The most recommended DXA tests are of the hip and spine because measurements at these sites are effective for predicting osteoporotic fracture at any site, choosing candidates for therapy, and for monitoring response to therapy. If you are unable to lie on an examination table, it is impossible to measure the spine and hip bone density. Instead, you can sit beside the DXA machine for a scan of your wrist area. When the hip and spine cannot be measured, the diagnosis of osteoporosis can be made using a DXA measurement of the wrist.
Quantitative computerized tomography — This is a type of CT that provides accurate measures of bone density in the spine. Although this test may be an alternative to DXA, it is seldom used because it is expensive and requires a higher radiation dose.
Ultrasonography — Ultrasound can be used to measure the bone density of the heel. This may be useful to determine a person's fracture risk. However, it is used less frequently than DXA because there are no guidelines that use ultrasound measurements to diagnose osteoporosis or predict fracture risk. In areas that do not have access to DXA, ultrasound is an acceptable way to measure bone density.
DXA Test Procedure
Unlike a bone scan, bone densitometry testing does not involve the administration of radioactive contrast material into the bloodstream. The central bone density device is used in hospitals and medical offices, while the smaller peripheral device is available in some drugstores and in screening sites in the community. The DEXA scan involves a much smaller radiation exposure than a standard chest x-ray.

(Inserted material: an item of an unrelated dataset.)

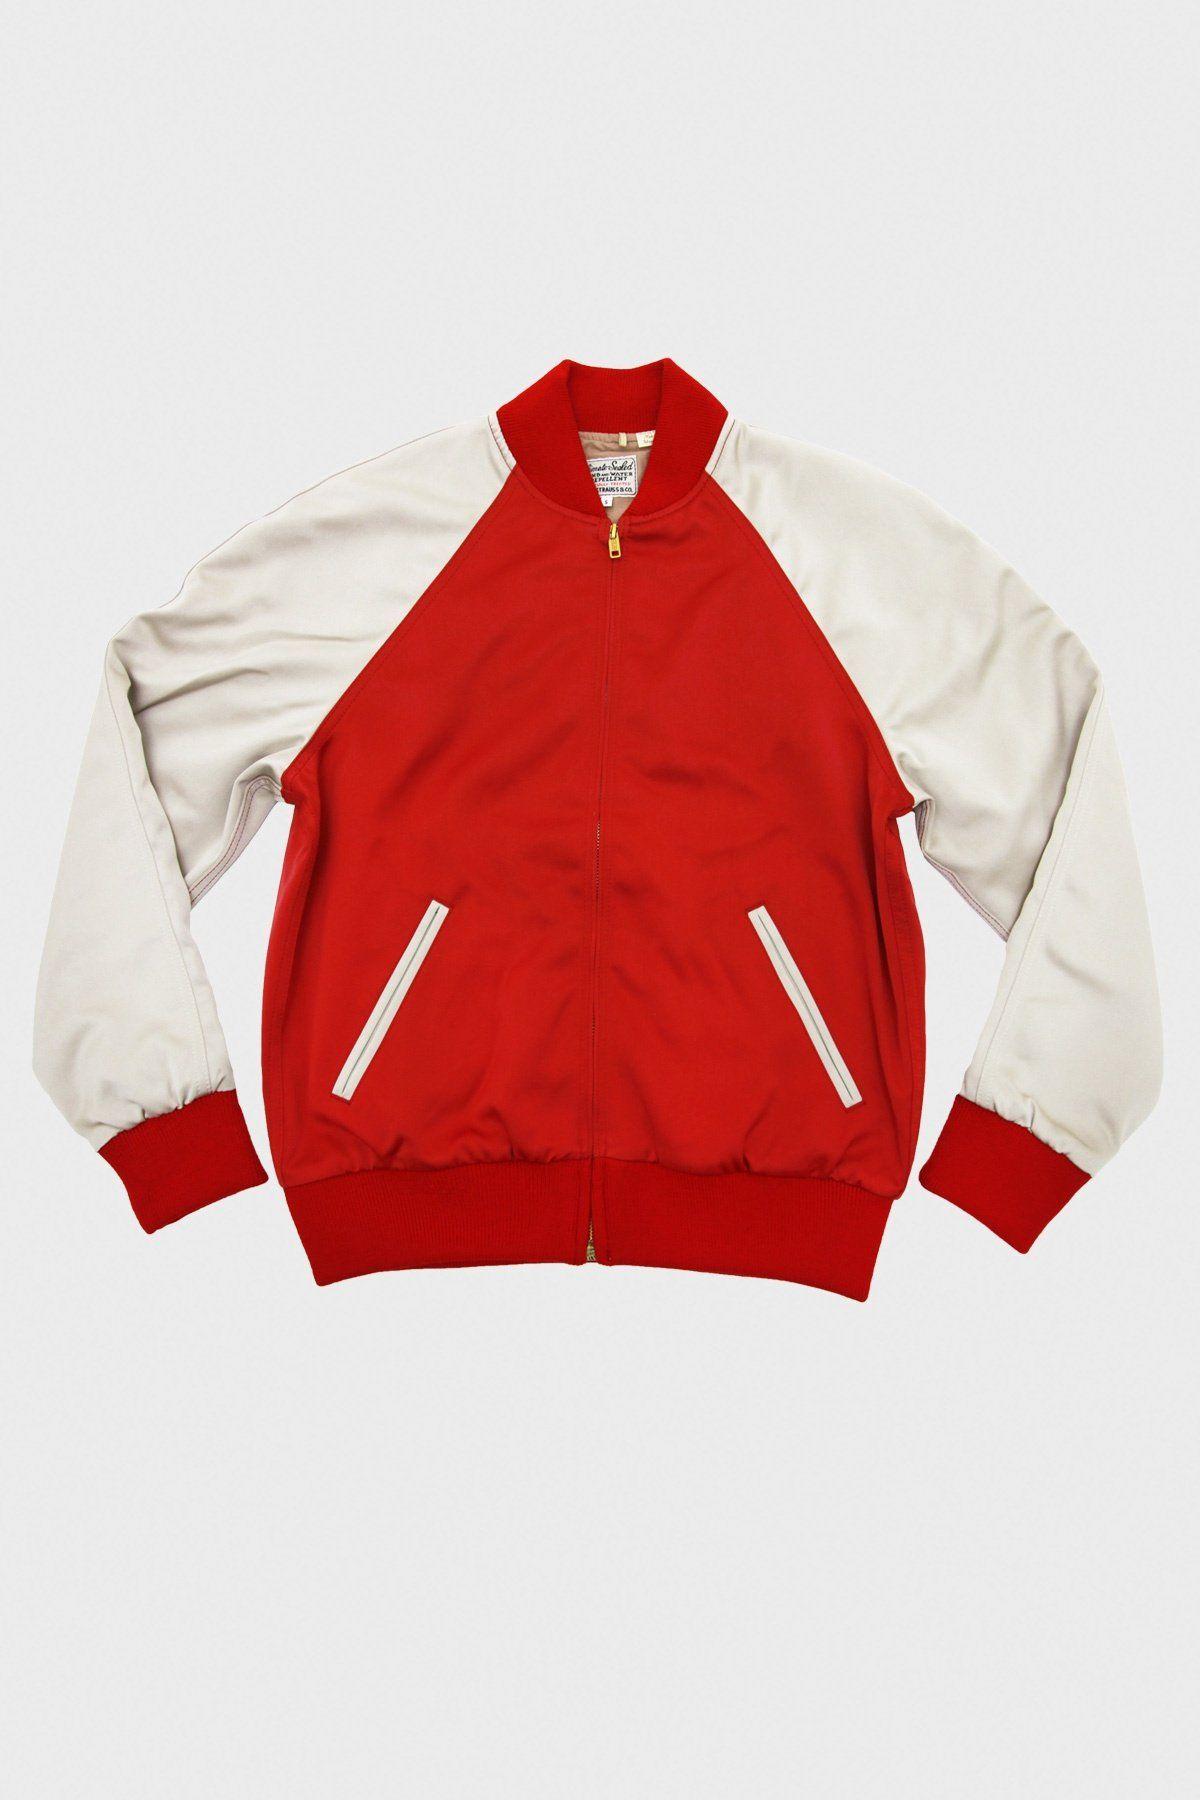 Levi S Vintage Clothing Climate Seal Bomber Jacket In Red Bomber Jacket Vintage Red Bomber Jacket Raglan Sleeve Bomber Jacket [ 1800 x 1200 Pixel ]

During DXA, you lie on an examination table. An x-ray detector scans a bone region, and the amount of x-rays that pass through bone are measured and displayed as an image that is interpreted by a radiologist or metabolic bone expert. The test causes no discomfort, involves no injections or special preparation, and usually takes only 5 to 10 minutes. The x-ray detector will detect any metal on your clothing (zippers, belt buckles), so you may be asked to wear a gown for the test.
The amount of radiation that's used is minimal, amounting to roughly the same radiation that an average person gets from the environment in one day. After the test is completed and the doctor interprets the results, you will be given a score that speaks to the condition of the bones.
DXA Test Results
The results of a bone density test are expressed either as a "T" or a "Z" score. T-scores represent numbers that compare the condition of your bones with those of an average young person with healthy bones. Z scores instead represent numbers that compare the condition of your bones with those of an average person your age. Of these two numbers, the T-score is usually the most important. T-scores are usually in the negative or minus range. The lower the bone density T-score, the greater the risk of fracture is.
Normal bone density — People with normal bone density have a T-score between +1 and -1. People who have a score in this range do not typically need treatment, but it is useful for them to take steps to prevent bone loss, such as having adequate amounts of calcium and vitamin D and doing weight-bearing exercise.
Low bone mass (osteopenia) — Low bone mass (osteopenia) is the term healthcare providers use to describe bone density that is lower than normal but that has not yet reached the low levels seen with osteoporosis.
A person with osteopenia does not yet have osteoporosis, but is at risk of developing it. People with osteopenia have a T-score between -1.1 and -2.4.
Osteoporosis — People with osteoporosis have a T-score of -2.5 or less. Larger numbers (e.g., -3.2) indicate lower bone density because this is a negative number.